202405220058
Status: #reference
Tags: Machine Learning
State: #foundation

Neural Networks

Fundamentally all a neural network is, is an infinitely flexible class of function, that can be anything and everything you want; from the straightest of line, to the squiggliest of squigglies. As Josh Stalmer (from StatQuest) calls it, it's not much more than Big Fancy Squiggly Fitting Machine.

Neural Networks are made of a few components which are all better treated in their own notes, because I foresee that anything more than surface level will evolve into something... complex.

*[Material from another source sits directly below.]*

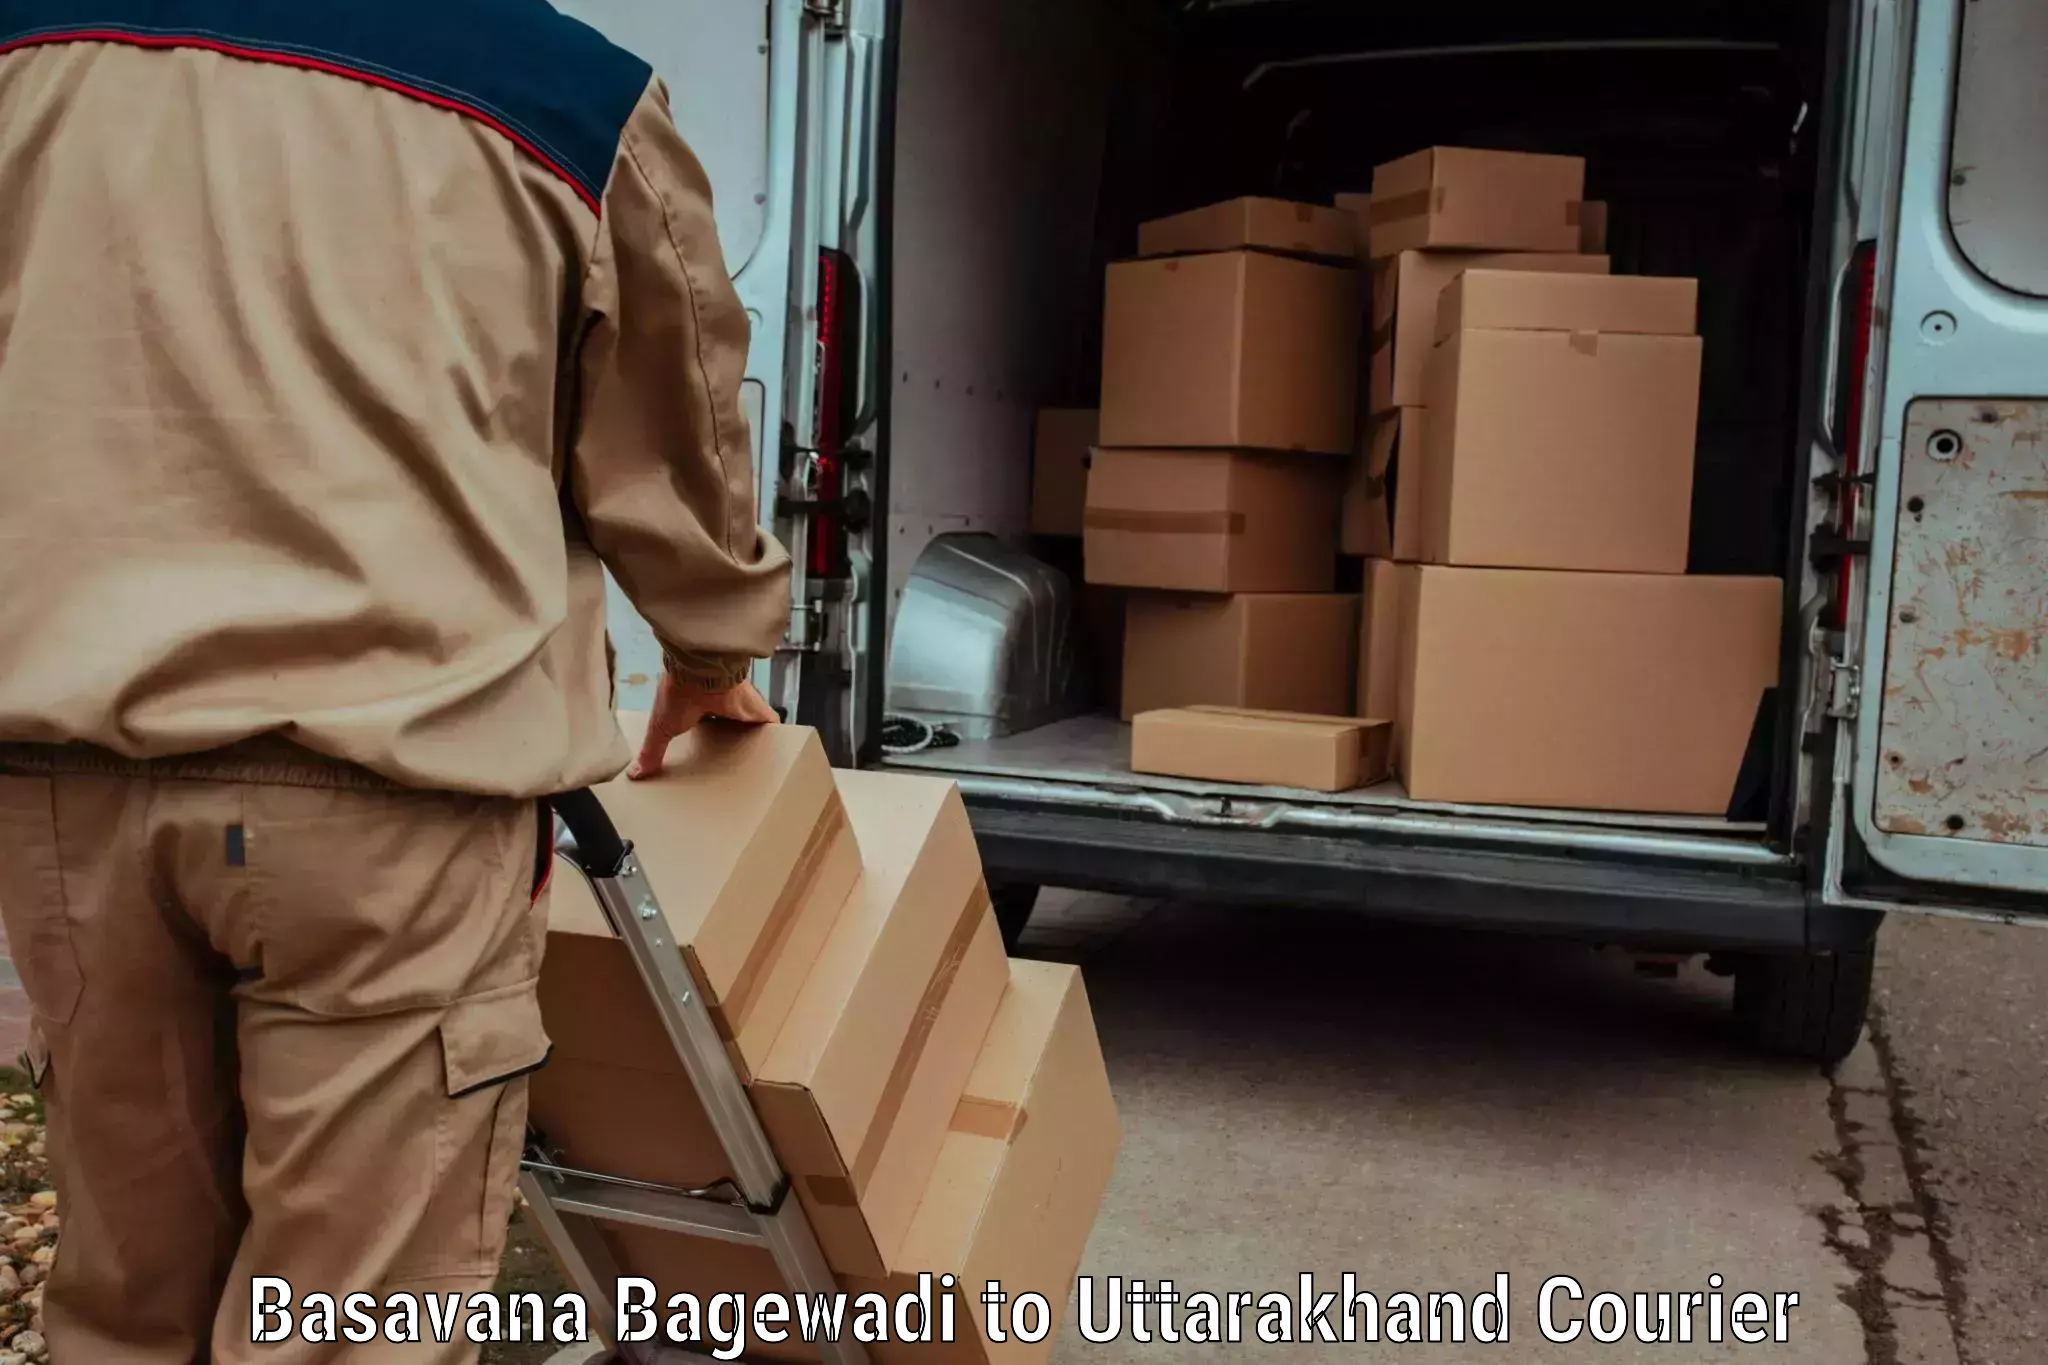 Luggage delivery system Basavana Bagewadi to Uttarakhand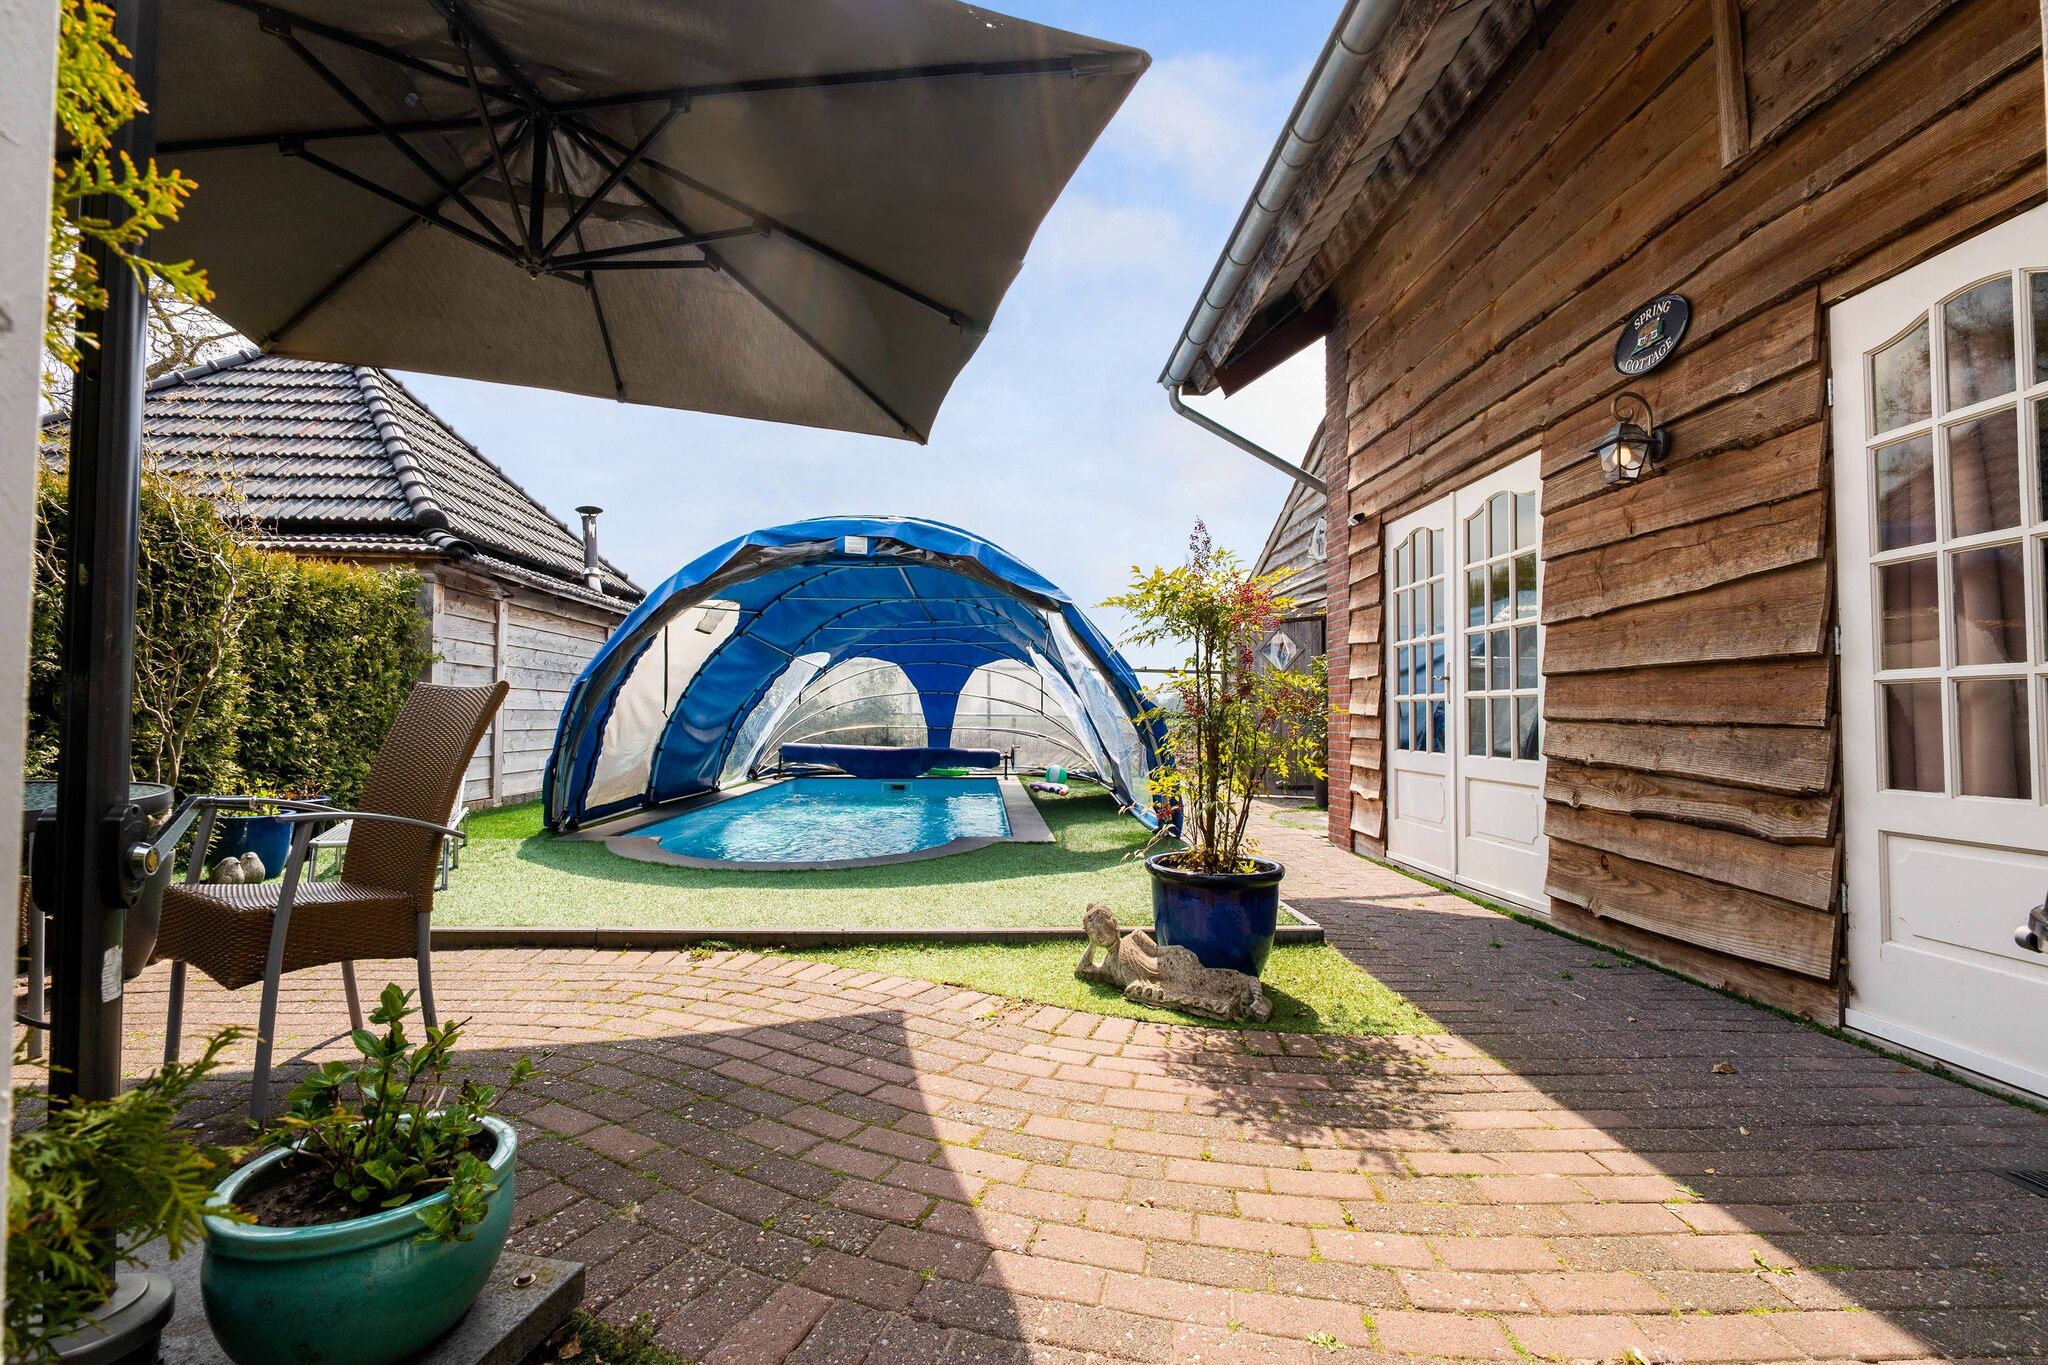 Celebration Wellness Huis, vakantiehuis in Balkbrug met een sauna en zwembad

The 4 Pillars of Neural Networks

The fundamental components:

Nodes (Neurons (Machine Learning)) : The "neural" in neural networks. They are not much more than small functions, in a network (yes I said it) of functions. They take in a set of inputs from the previous layers (or alternatively from the ether if we are the input layer) and then combine all the inputs along with respective weights and outputs them either to the next layer of neurons, or back into the world. A glorified dot product machine. Note that two neurons on the same Layer never talk to each other.
Layers (Machine Learning): This is the name given to groups of related but mutually independent neurons. While technically it is possible to approximate any function by doing everything on one layer. something called Shallow Neural Networks. In practice, unless we are in an educational context we will use anything from a few layers to ... arbitrary big finite numbers! Why? Shallow Neural Networks become too big and cumbersome for anything beyond simple demonstrations and pedagogic material. Adding a neuron is to adding a layer what addition is to multiplication; if it wasn't for the ability to add arbitrarily many layers to a neural networks, Machine Learning and Deep Learning would have died in the 20th century and remaining the object of phantasms and fiction without much practical use (cue in Alchemy)... I really gotta watch Fullmetal Alchemist...
Weights (Parameters): In the current paradigm of machine learning, this is what actually changes when you say "I am training a model", or "my model is learning." The ideas are really identical to what is explored in Simple Linear Regression. I am saying in the current paradigm cause in the future, trainable Activation Functions might become a thing which would upend the way we think about training. I have some function(curve) that I am trying to fit, I need to find (estimate) the best parameters such that model fits the data that I have observed and pray that it generalizes. Well in general you are a little more active than in prayer and have more bargaining power (Learning Rate, Activation Functions, Dropout, Optimizers, etc.), but yeah that's the gist. The main difference is that instead of doing fancy calculus and other derivations , you use the good ol Chain Rule (yes the one from Calculus) to compute how to improve the parameters (How to reduce the Loss) and and let the Machine Learning magic (Backpropagation) occur. This will be treated more rigorously in the actual note for Weights (Parameters) and Backpropagation.
Activation Functions: One of the tools you have to bargain with the machine, they give you the ability to give some sort of meaning to a given output (whether it be from a neuron or a specific layer). For example, if the outputs of my output layer are supposed to be probabilities, but that in their current form they do not sum to $1$ , have potentially negative values, etc. I could leave them as is (if I am a masochist), or I could pass them through a Softmax and not have to worry about any of that. Activation Functions can be any function that you want as long as it makes sense in your case, but common ones are the Logistic Function which squashes values between $0$ and $1$ and is often used in binary classification, the Rectified Linear Units (RELUs) (the GOAT) which is often used on intermediate layers to increase the flexibility of the model, and the Softmax which is used on multi-classification problems where there are more than two labels to ensure that we have probabilities, it is often preferred to other max methods because when we want to use the probabilities as weights it ensures the lowe probability could still contribute instead of being squashed to $0$ as they would in a regular max..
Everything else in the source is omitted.